Jedyna rada: musisz znaleźć pracę. Jakąkolwiek. Wtedy odzyskasz szacunek do samego siebie i wiele kwestii się wyprostuje.
BTW - ona też powinna, ale bardziej Ty. Kobiety nie odczuwają aż tak dotkliwie braku pracy (z reguły to po naszej stronie leży gro domowych obowiązków, więc nawet nie pracując zawodowo nie czujemy się "pasożytami" i nie odnosimy wrażenia, że życie przecieka nam przez palce).
Powodzenia
Przejdę do jeszcze jednej rzeczy, mianowicie "kocham Cie".
Dla mnie te dwa słowa maja wielka wagę, nie wypowiem ich od tak.
Jest też i druga strona medalu, skąd mam to wiedzieć, czuć? Prawda ze dziwne pytanie? Kiedyś się zastanawiałem czy kocham rodziców, rozumiecie? W pewnym momencie myślałem ze jestem bezuczuciowy i nie potrafię kochać, a okazywaniu uczuć to już masakra.

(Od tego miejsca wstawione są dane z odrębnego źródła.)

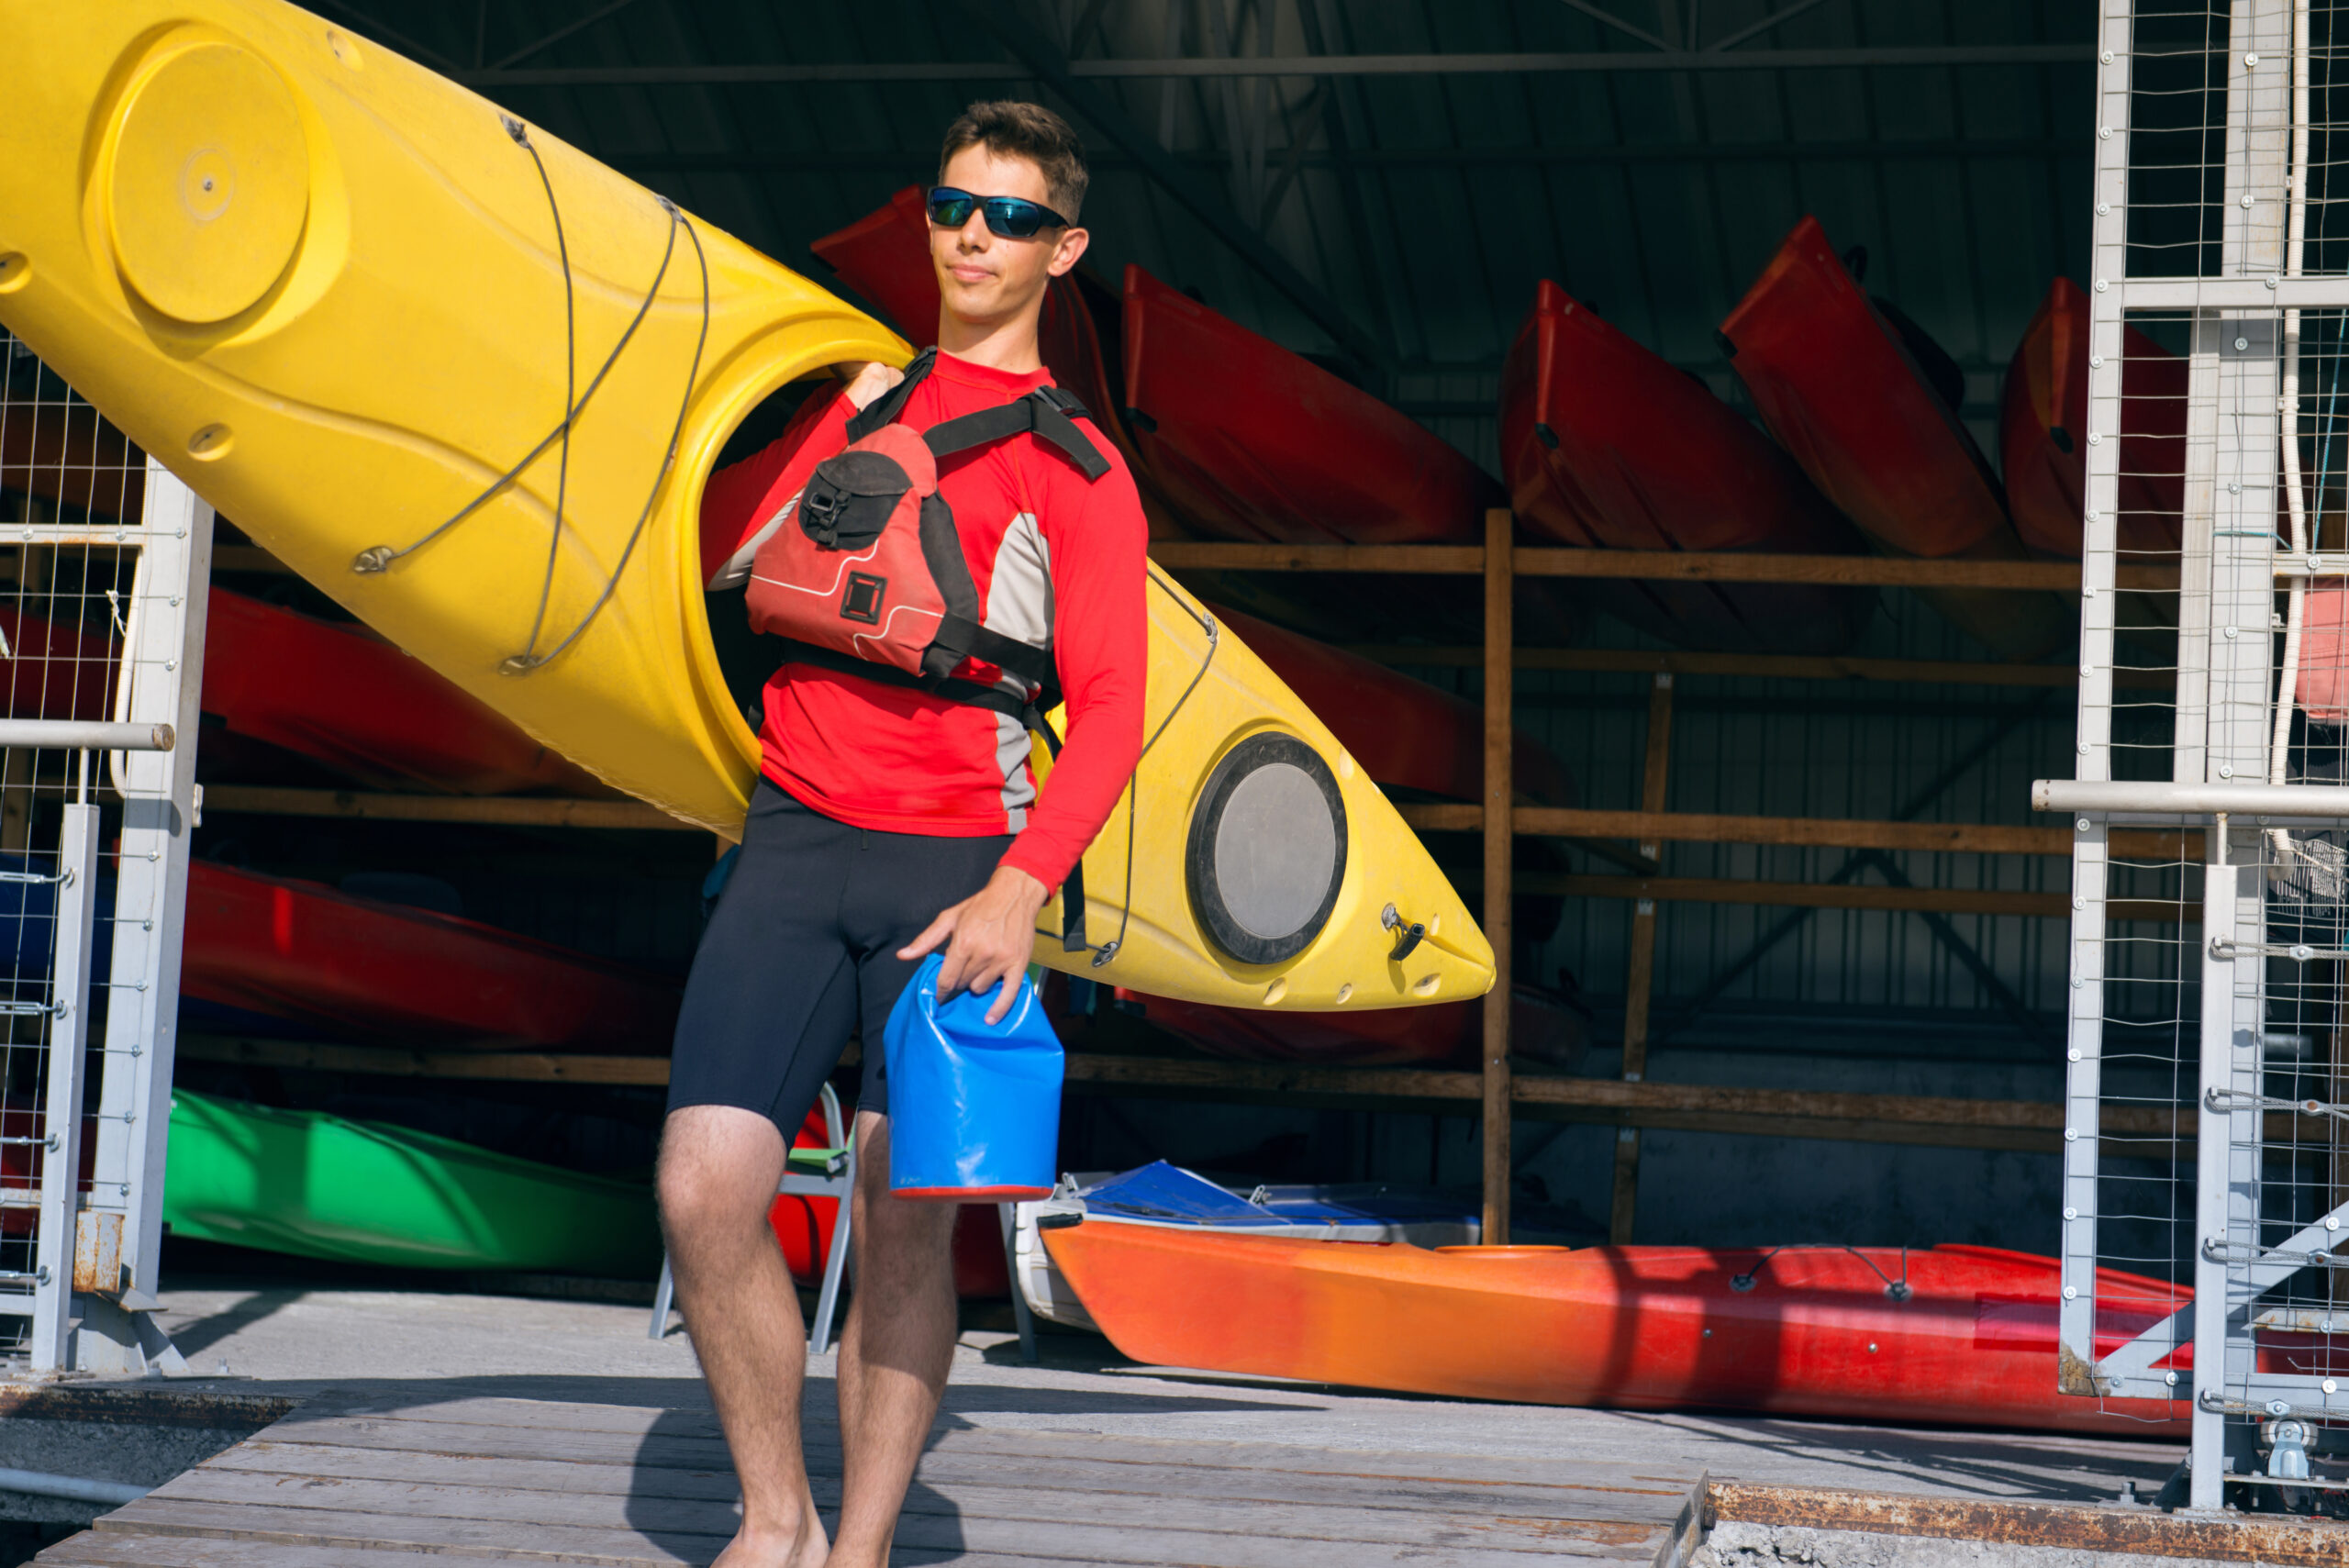 man holding kayak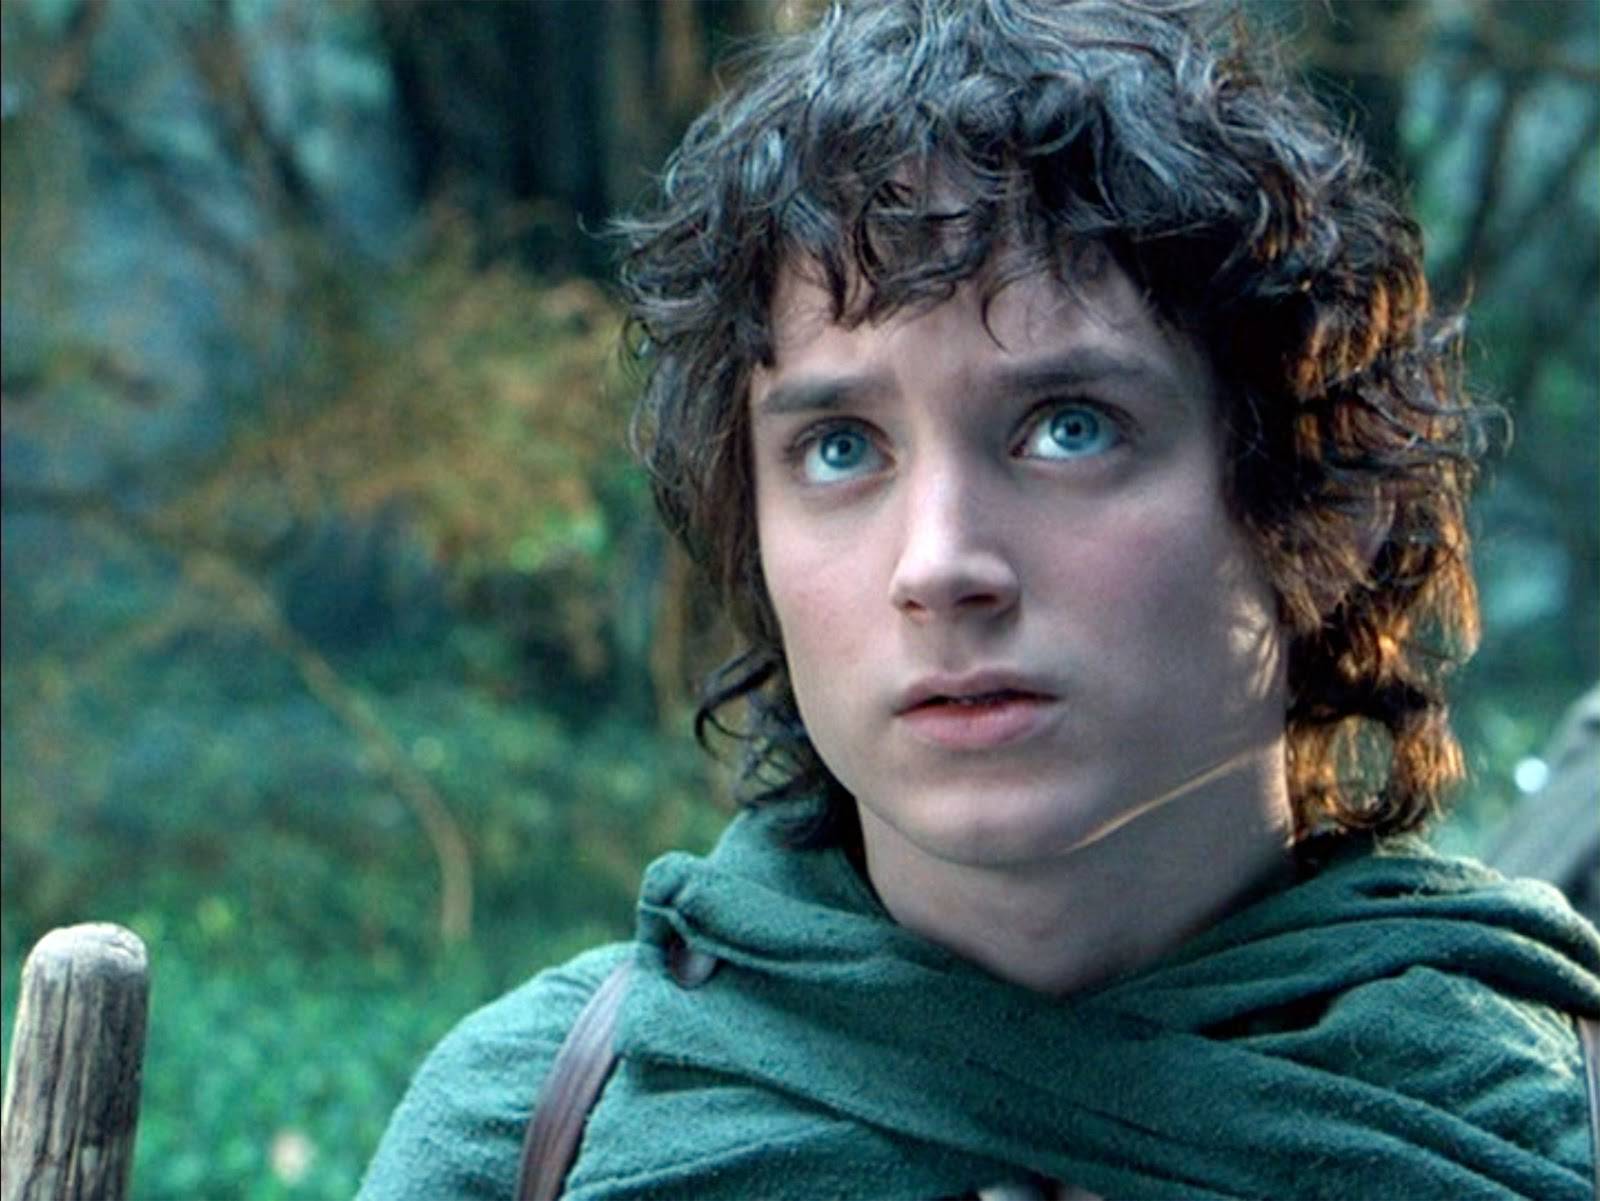 Frodo iz Gospodara prstenova trebao je biti model, a onda je postao svjetski poznat glumac

Myślałem ze jestem skała...jednak pewien incydent dal mi do zrozumienia ze ich kocham, było mnóstwo emocji ale w głębi duszy dziękowalem ze są.
Kiedy wszystko wróciło do normy stoje tak jak teraz i znowu mam wrażenie ze nestem nie wrażliwym facetem.
Wkurw leci na samego siebie, nie rozumiem siebie. Nie wiem nie potrafię się zakochać? Chociaż jak mnie ex rzuciła to embrion przez miesiąc heh.
Jak to u Was Panowie? Wiadomo jest fajnie, zwiazek itd ale przychodzi czas na pytania od kobiety i sam wtedy sobie musisz odpowiedzieć...a jak nie wiesz lub tylko jakies złudzenie ze nie wiesz?
Carpe diem.
Słuchaj zacznij od zaakceptowania tego jak jest, zrozum, że w życiu wszystko jest nie trwałe, wszystko sie zmienia i nie trzeba na siłe sie dostosowywać, wystarczy zrozumieć ze wszystko płynie.
Straciłeś prace, masz teraz okres w ktorym poznajesz swoje slabosci, moze wlasnie teraz jest dla Ciebie bardzo wartosciowy i szczegolny czas choć uznajesz go za coś co nie powinno mieć miejsca. Pamietaj, ze siły statku nie sprawdza sie podczas postoju w porcie lecz przy najwiekszych sztormach. Własnie teraz pokaż, ze jestes silnym facetem który bierze los w swoje rece, zacznij od zmiany nastawienia do sytuacji a nastepnie rób małe, zdecydowane kroki zeby to zmienic, ale ciagle pamietaj, ze sytuacja jest cięzka zebys przypadkiem nie zaczął skakac z radosci z tego powodu, ze za miesiać nie bedzie z czego opłacić rachunku.
Bądz stabilny emocjonalnie, daj oparcie swojej dziewczynie i najbliższym. Weź odpowiedzialnosc za swoje zycie.
Twoim błędem było zamieszkanie z nią. Ona stała się dla Ciebie codziennością, zbyt dostępna i Ty dla mniej też. Mieszkanie z kobietą to według mnie nie jest najlepszy pomysł.
"Kto próbuje przegrywa czasami, kto się poddaje przegrywa zawsze!"